In 2009 I was divorced after 23 years. I was now a divorced woman. An identity shift again. I was devastated and felt that this was the most painful experience of loss that I had ever had.
I then had to put down my two cats over a period of 6 weeks. They were family to me. I suffered tremendous loss. The pain seemed unbearable at the time.
And then the loss of family. A choice I had to make to maintain my emotional and physical sanity.
My mother’s loss has made this much more final. It is a loss but a necessary loss.
Necessary Losses
Each of these losses were different for me. The depth of pain, shock, denial, anger, sadness, were all different. How I moved through these losses have been different. As they are for you.
There are no rituals that work for everyone. Often our inability to move to a place of letting go and moving on is because we are stuck in anger, sadness, denial, or depression.
I have learned that there are coping strategies that I have used over my lifetime that have been protective for me but in no way of benefit in the long term. They were a form of survival.
I have learned that there are many lifestyle changes that I had to make to really let go, be at peace, and engage in those things that bring meaning and zest to my life.
Here are a few approaches that worked for me:
- Meditation
- Breathing
- Guided Visualization
- Journaling
- Healthy Eating
- Physical Activity
- Sunshine
- Music
- Restorative Yoga
- Relationship
EFT (Emotional Freedom Techniques)
One of the more effective self soothing techniques for me has been Emotional Freedom Techniques (EFT).

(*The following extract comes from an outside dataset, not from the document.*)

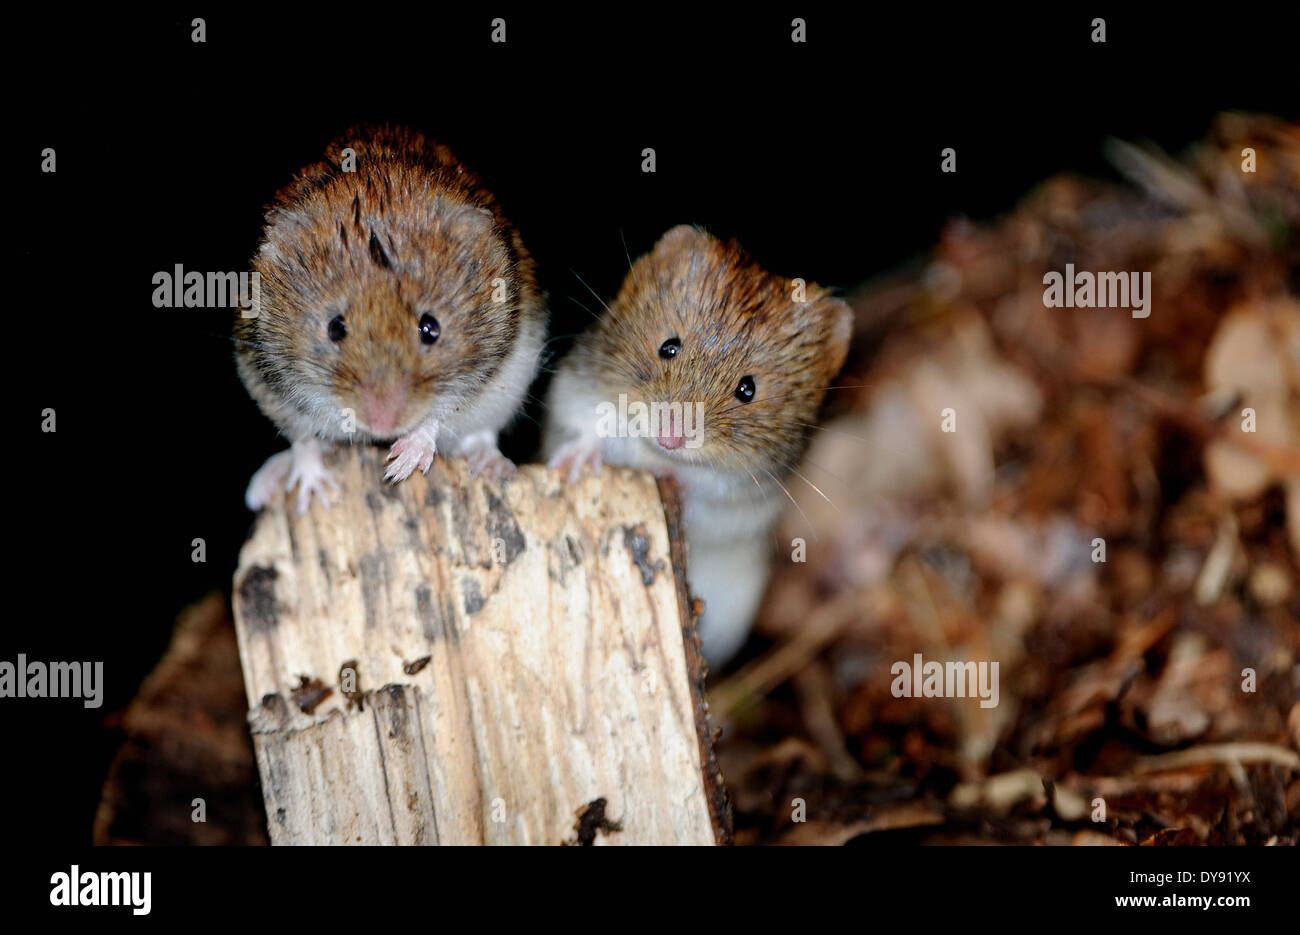 bank vole wintry forest ground Myodes glareolus mouse mammals vertebrates mice field mice voles muroids cricetids bank voles, Stock Photo

EFT is known to many as Tapping. There are three levels of EFT. There is the bronze level, silver, and gold level. The bronze level is what I have on my own and am now working with an EFT Practitioner that uses the Gold Level. No matter how much experience you have it is very difficult to move through stuck places without a coach who is trained in EFT.
The theory underlying EFT is that we have memories that are stuck in the energy or nervous system. These memories have not been processed adequately so we get stuck in aspects of our lives that resemble those events. We are usually not aware of those connections so we feel stuck.
In just beginning this process I am surprised what I have already learned. It is important to remember that this process is very individual even though there may be emotions that we all experience with a loss. Grief can be extremely intense or it can be a quiet grief but none the less it needs to be processed.
Hopefully my story has given you some insight into your own grief or at least acceptance of where you are with your grief. No grief is to be minimized. They are all significant. As you are.